Material provided:
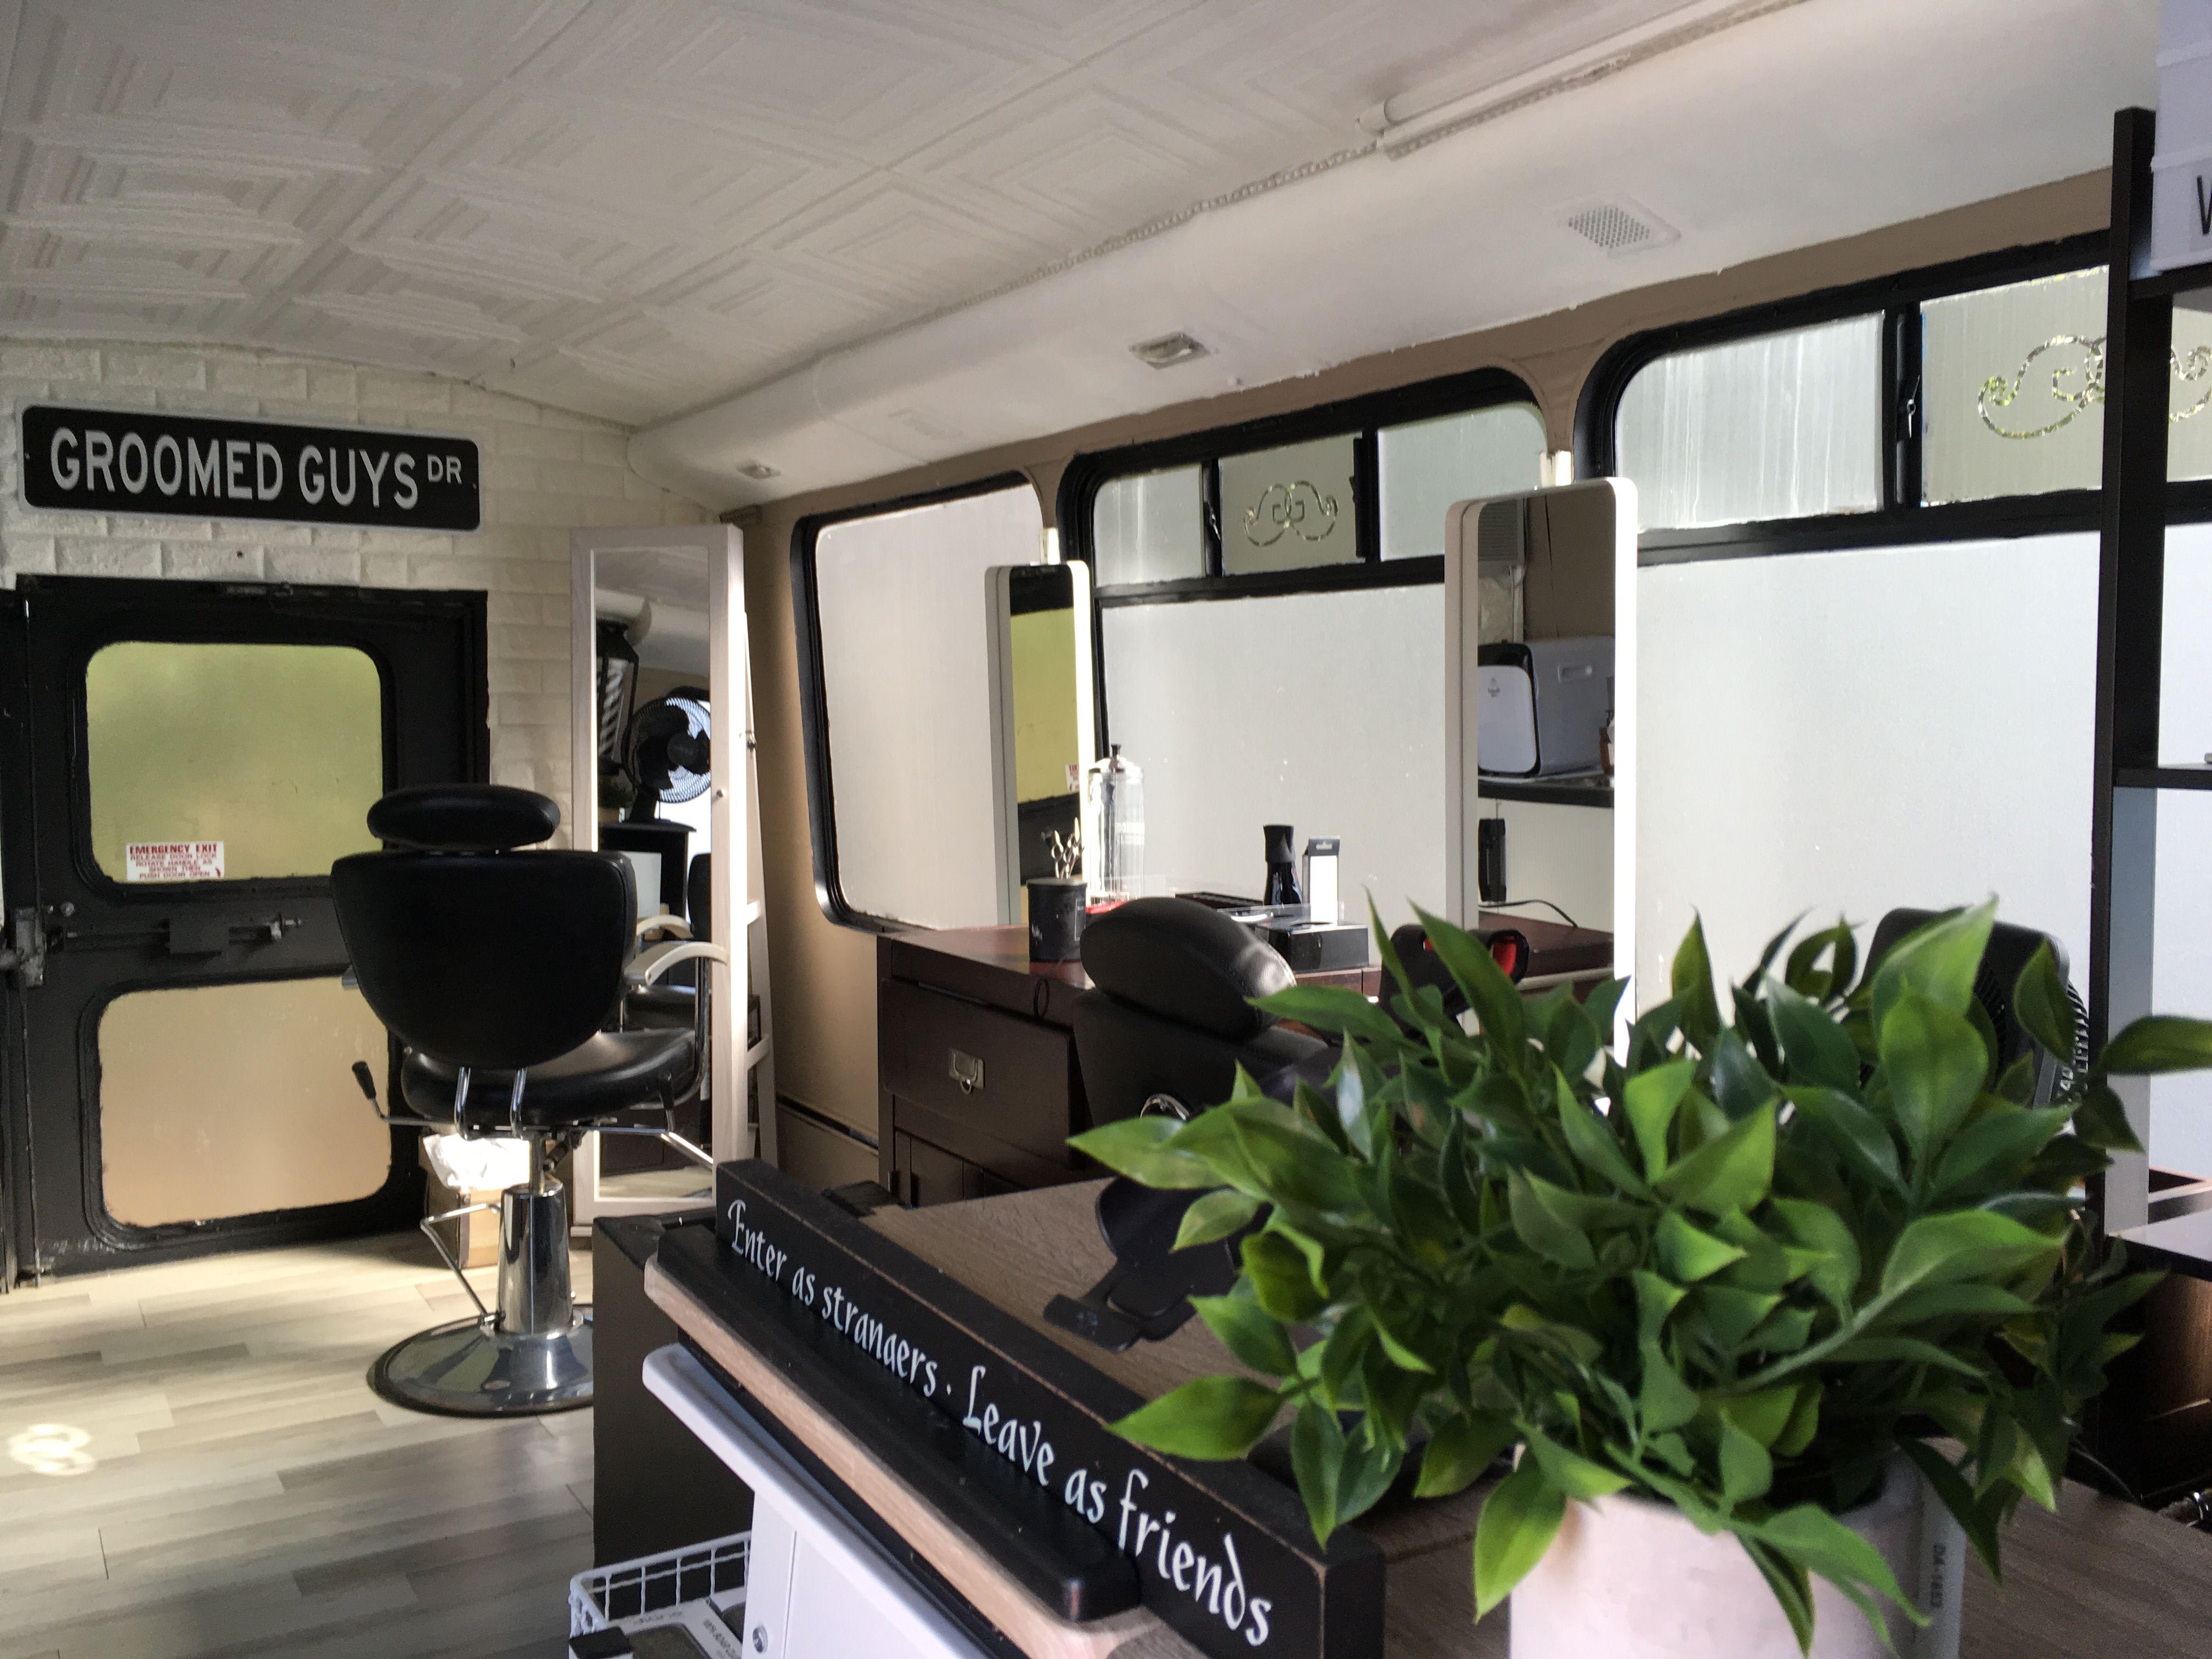 Classic barbershop on wheels 2019 design  Weddings and
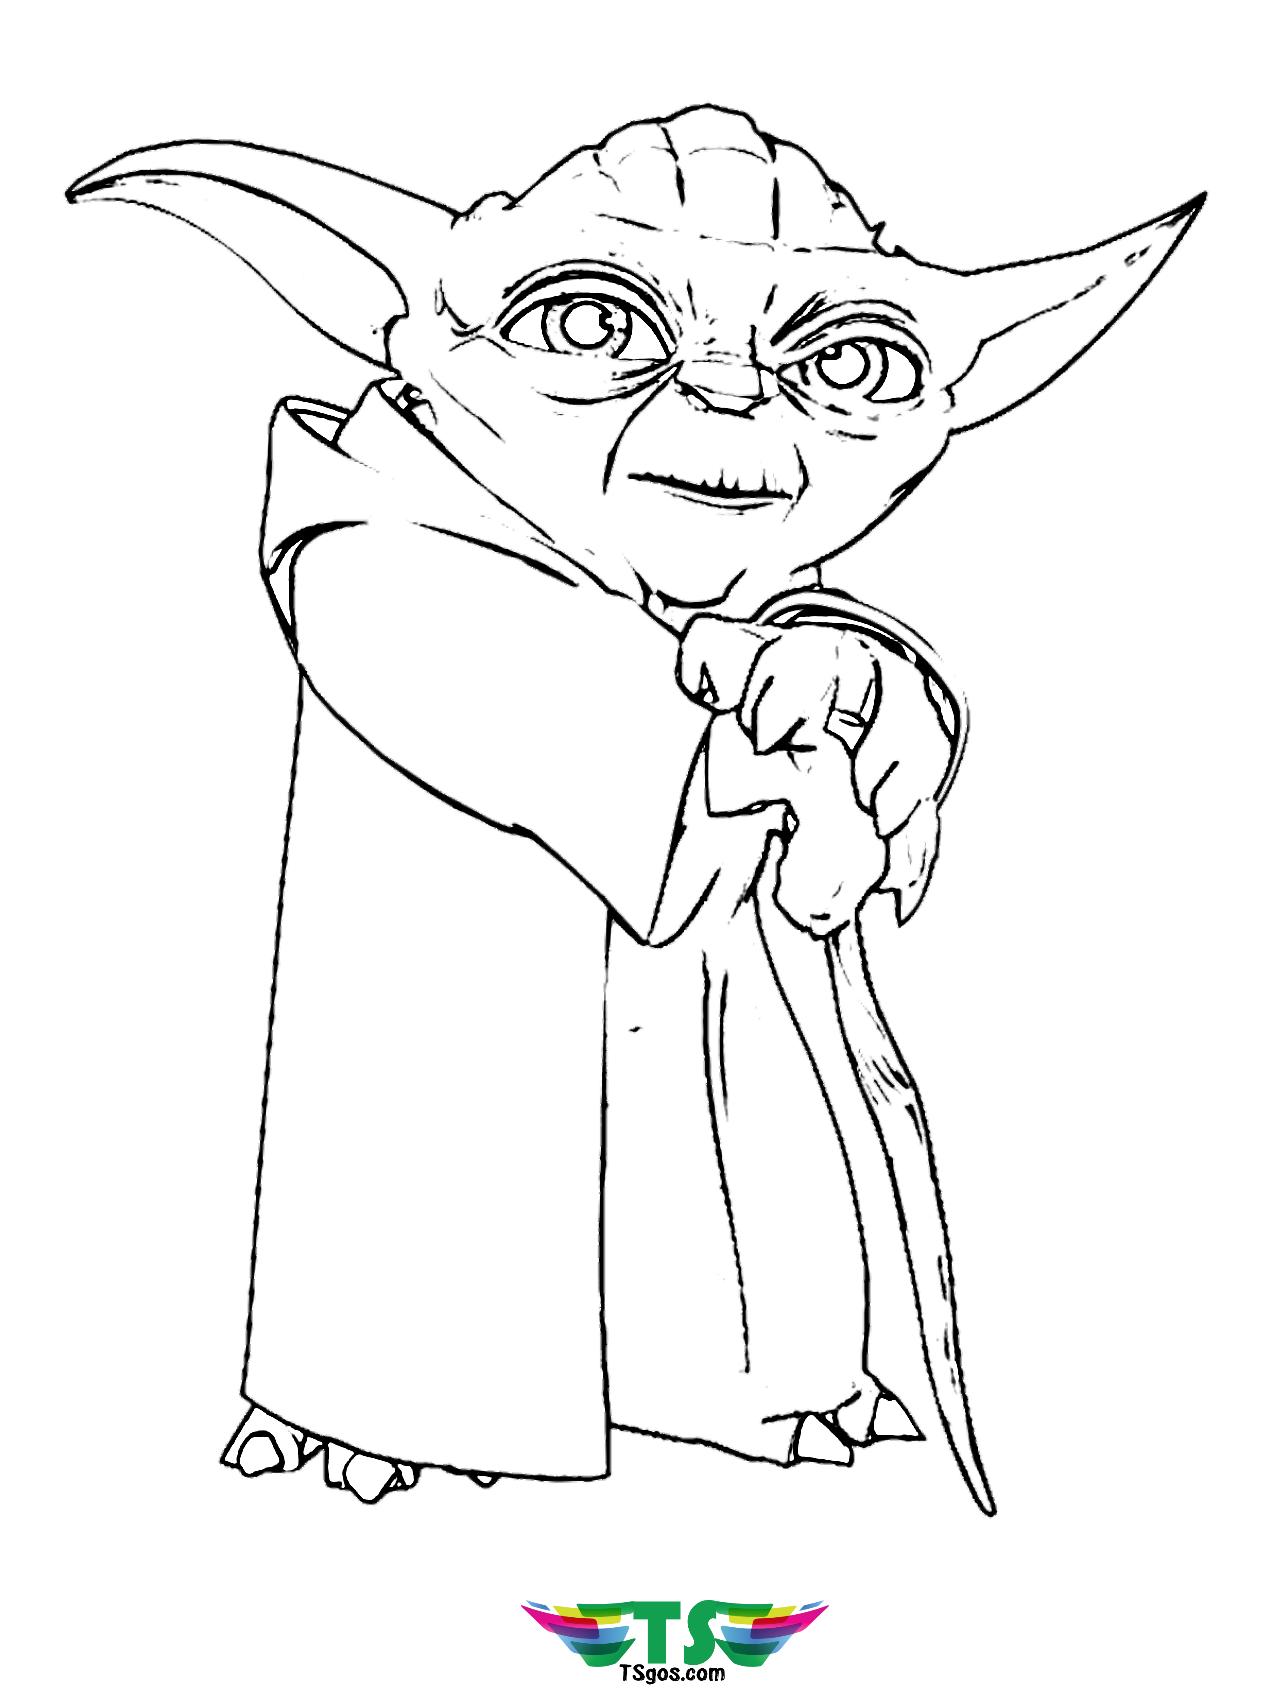 Star Wars Baby Yoda Coloring Pages Printable   Coloring and Drawing
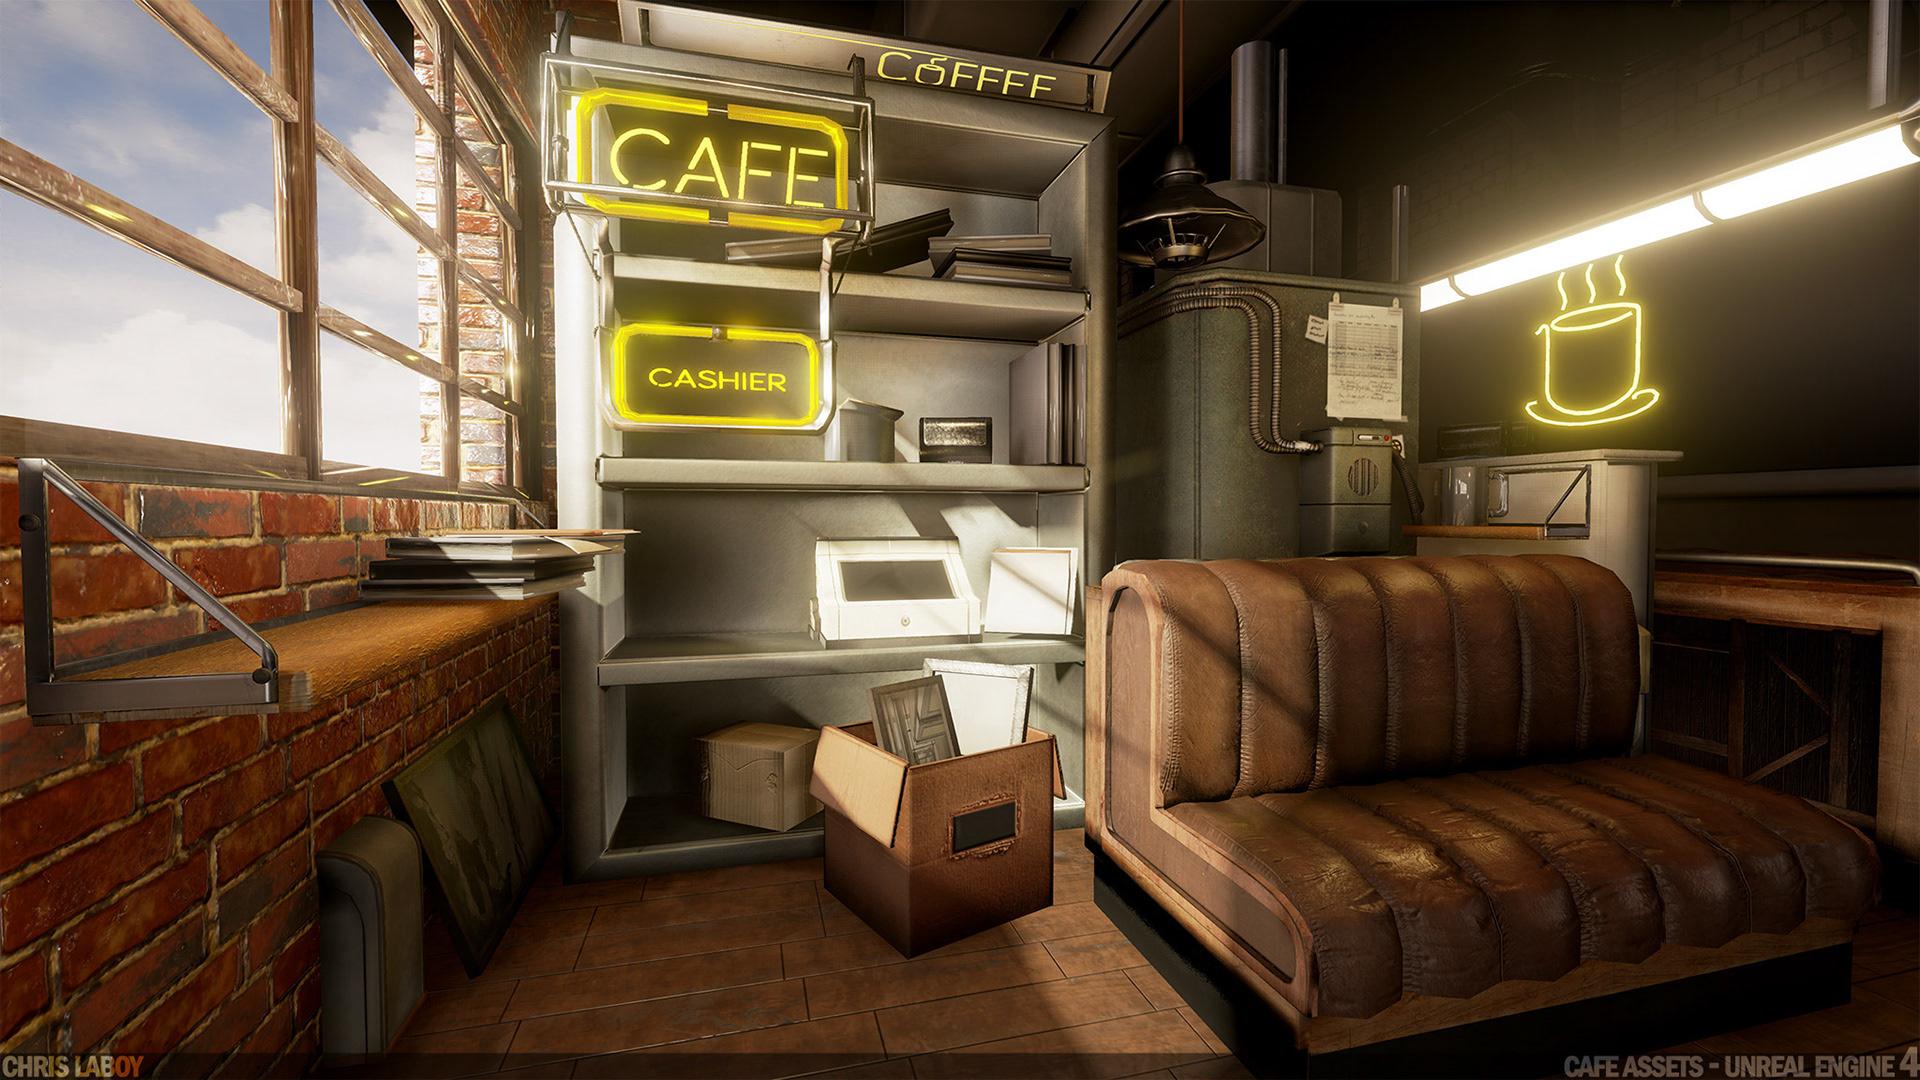 Chris LaBoy - Cafe

Work item:
Write out the material above exactly, and omit the pictures it holds.

Response to this task:
 Classic barbershop on wheels 2019 design  Weddings and
 Star Wars Baby Yoda Coloring Pages Printable   Coloring and Drawing
 Chris LaBoy - Cafe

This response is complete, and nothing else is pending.